Note: A means amino acid composition (20 dimensions), A + ACC means amino acid composition and the interaction of segments (164 dimensions), A + ACC + M means amino acid composition, the interaction of segments, and motif frequency (290 dimensions), and A + ACC + M + P means amino acid composition, the interaction of segments, motif frequency, and predicted secondary structure information (296 dimensions); Q means the overall accuracy; the standard deviation values are in the parenthesis of the sixth column, the penultimate column is the results of Liu et al. [27] with the same dataset, and the last column is our results of the dataset built by Ding and Dubchak [11].

Figure 2.

Figure 2

The architecture of the protein folds identification system.

When only one feature parameter, amino acid composition, was used, the overall accuracy was 43.66% (Table 3). After adding the feature parameter based on the interaction of segments, the overall accuracy increased to 68.80% (a 25% higher overall accuracy). The accuracies for folds 1, 2, 4, 6, 19, and 20 increased more than 50%, and the accuracies of folds 3, 11, 12, 13, 25, and 26 increased approximately 30% except folds 15 and 27, and the accuracies of the remaining folds also improved in different degrees. The feature parameter based on the interaction of segments also had a great effect on the identification of protein folds. When adding the feature parameter of motif frequency to amino acid composition and interaction of segments, the overall accuracy increased to 76.25%, an 8% higher overall accuracy.
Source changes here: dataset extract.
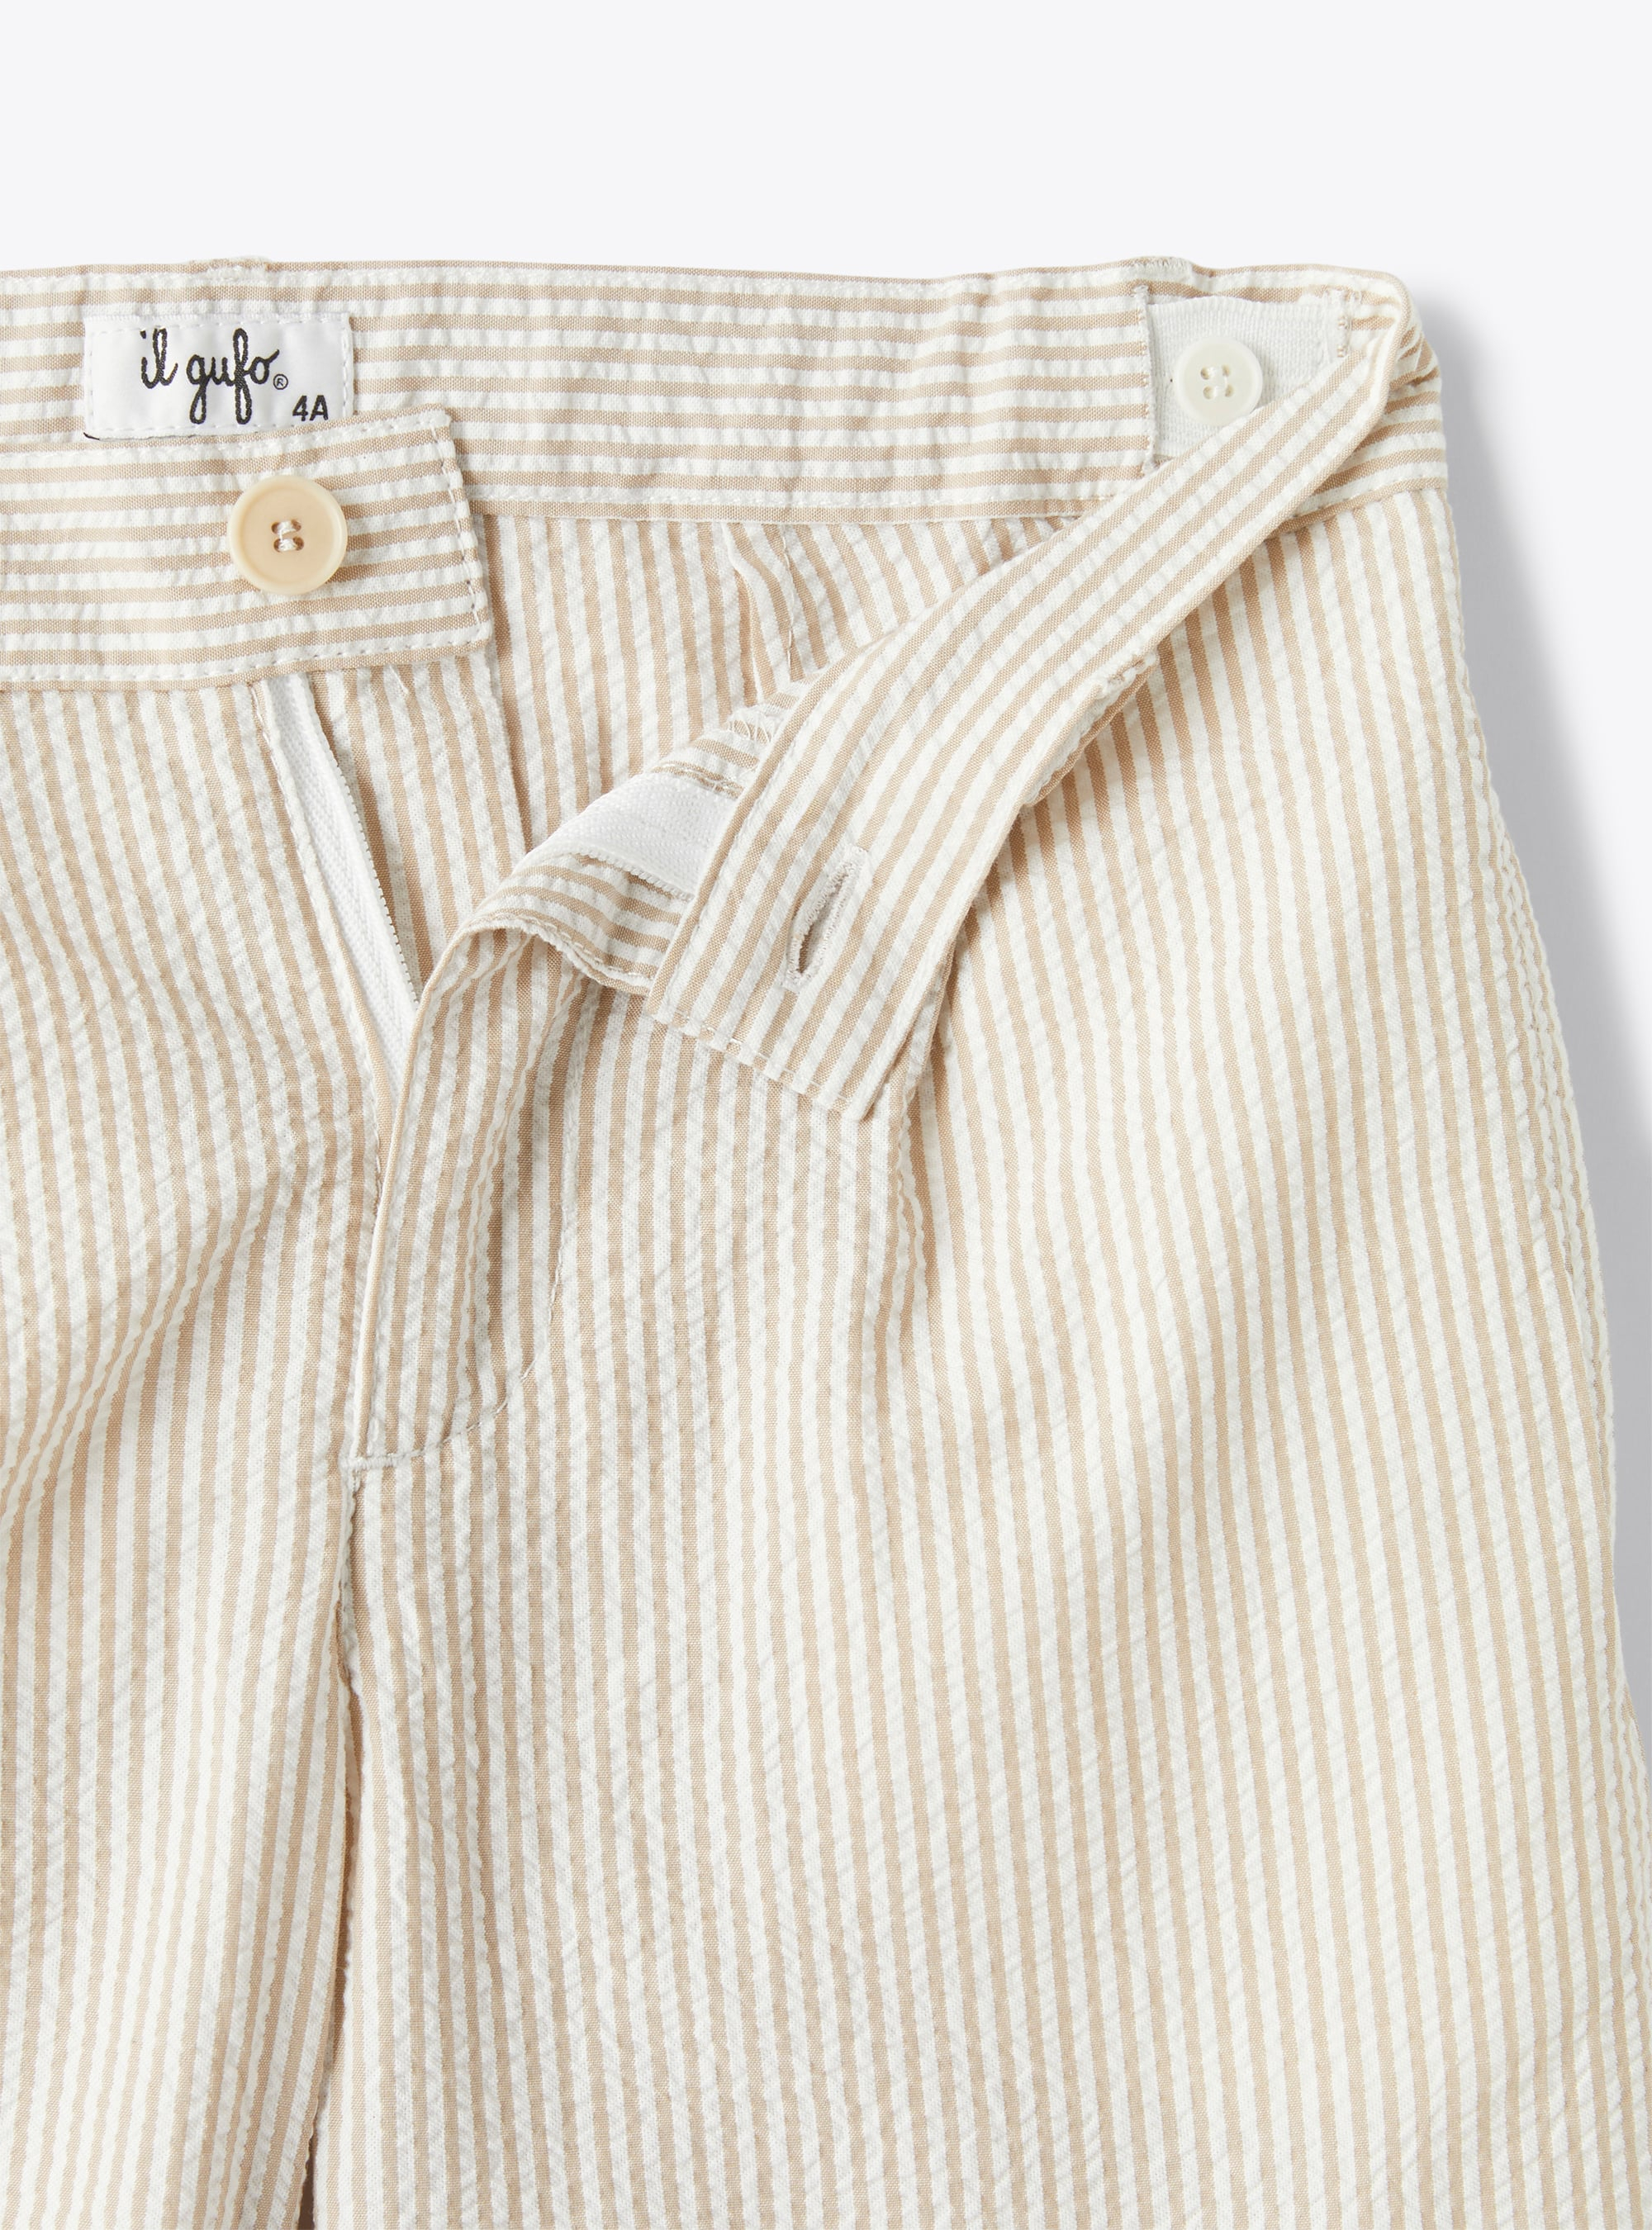 Bermuda shorts in beige-&-white striped seersucker - Beige | Il Gufo

During this process, the accuracies of folds 12, 13, 19, 22, 23, and 24 increased considerably, and the accuracy of fold 27 showed improvement. Finally, adding the feature parameter based on predicted secondary structure information resulted in an overall accuracy of 78.38%. Above all, as relevant feature parameters were gradually added, the accuracies of a large majority of folds improved in different degrees. Thus, the feature parameters used were very effective in predicting 27-class folds. According to the previous researches [1618, 23], we combined the training set and testing set, and the corresponding prediction results and standard deviation (in parenthesis) by 5-fold cross validation test were listed in the sixth column of Table 3. With the same dataset, the previous results of Liu et al. [27] by independent test were also listed in Table 3 for comparison. We can see that the overall accuracy by independent test in our work was 12% higher than that of Liu et al. [27] (the penultimate column in Table 3), and the overall accuracy by 5-fold cross validation test in our work was higher. The web server for protein folds prediction is accessible to the public (http://202.207.29.245:8080/Ha/HomePage/fzxHomePage.jsp).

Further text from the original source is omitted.